The test body is constructed of two hollow
glass spheres forming a dumbbell shape.
They are filled and sealed with pure, dry
nitrogen. Around the test body, a titanium wire
is chemically etched in order to form a
feedback loop that can create a counteracting
magnetic force to the test body displacement
caused by oxygen concentration in the test
assembly magnetic field.
Attached to the center arm of the test body
dumbbell is a diamond-shaped mirror.
Attached to the mirror are two separate
platinum wires in tension with the supports for
the test body. The supports are isolated from
ground and are electrically connected to the
feedback loop and the electronics for that
loop. The platinum wires form a fulcrum
around which the test body pivots.
The detector operates in the following fashion.
If the sample gas contains oxygen, it collects
in the non-uniform magnetic field around the
test body. Oxygen, because of its
paramagnetic qualities, gathers along the
magnetic lines of flux and forces the dumbbell
of the test body out of the magnetic field.
A light source is focused on the test body
mirror. As the test body moves out of the
magnetic field, the mirror distributes light
unevenly on two photocells (BT1 and BT2).
The photocells create a potential at
comparator U1. The output of U1 goes to U2.
The output of U2 causes current to flow
through the feedback loop attached to the
dumbbell and mirror into the test assembly
magnetic field until the mirror reflects light
almost uniformly on each photocell.

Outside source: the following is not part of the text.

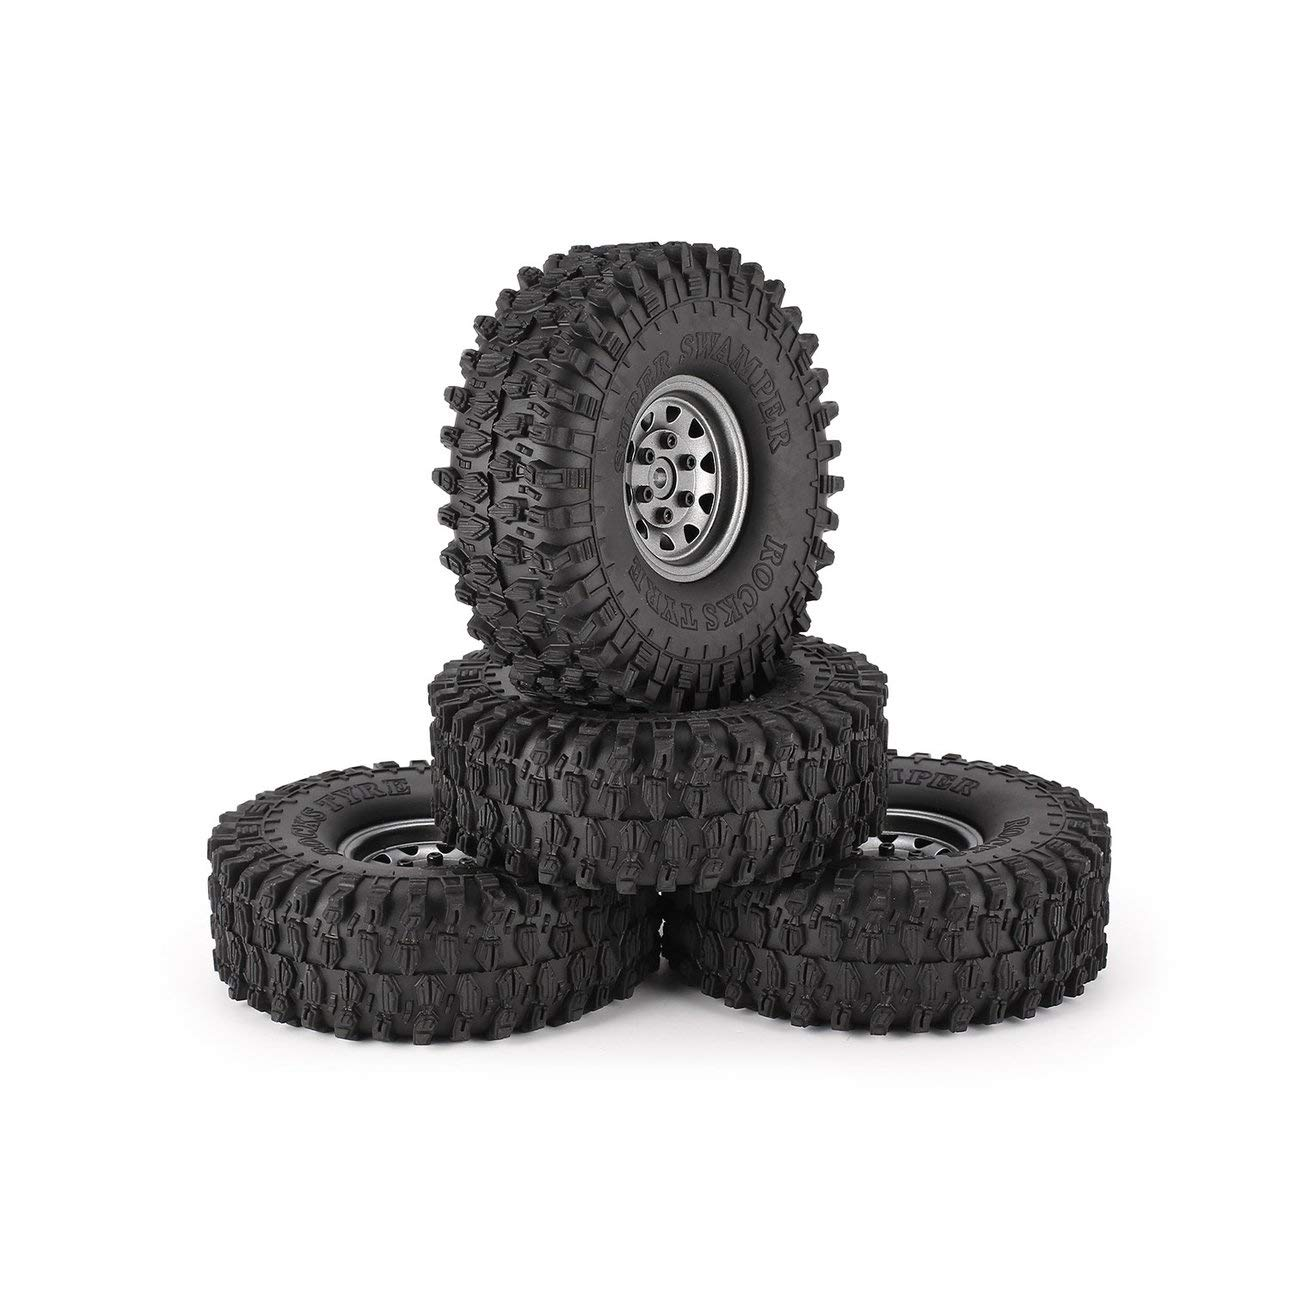 Ballylelly 4Pcs 1,9 Zoll 120mm Gummireifen Reifen mit Metall Felge Set für 1/10 Traxxas TRX-4 SCX10 RC4 D90 RC Raupen Auto Teil (Grau - Deltamuster Rad - 120mmmm)

A current
proportional to the oxygen concentration in
the magnetic field of the test assembly has to
be flowing through the feedback loop in order
to maintain balance and provide a reading of
the oxygen content of the sample.
Resistances R5, R17 and the resistance of
the wire in the feedback loop determine the
gain of amplifier AR2. The mirror on the
dumbbell is positioned by the amount of
current in the feedback loop. The mirror
reflects light from the source (DS1) to the
photocells (BT1, BT2). This repositioning of
the mirror is a form of mechanical feedback to
the input of the amplifier U1. The net result is
that the output of U1 could vary from 0 to -70
mV, or 0 to -7.0V, depending on the range of
the instrument
On application of AC power, capacitor C6 has
no charge. The current will have to flow
through R18. Initially the full 30V drop (the
difference between the ±15VDC power) will
appear cross R18. The cathode of CR2 will be
initially at -15VDC. The anode of CR2 will be
some value more positive than -15VDC. CR2
will conduct. The input terminal of U1 will be
negative and the current through the feedback
loop around U2 will cause the dumbbell and
mirror to be positioned correctly in the test
body.
As the charge on C6 increases, the cathode
of CR2 becomes more positive. When it
exceeds that on the anode, CR2 ceases to
conduct and isolates the ±15VDC power
supply from the input circuit.
Coarse Zero Adjust R9 and front panel ZERO
potentiometer R13 permit adding an
appropriate voltage to the input of U2 to
counteract any electrical offset resulting from
imbalance in the detector and/or photocells
BT1 and BT2.
The output current that U2 must provide to
restore the dumbbell is a measure of the
displacing force and thus is a function of both
(a) the % oxygen concentration of the sample
and (b) the sample pressure.
The output from U2 is further amplified by U4
to provide a 0 to 10VDC output that
constitutes signal Vx for the pressure
compensation circuit described in Section 5-
6a on page 5-9 .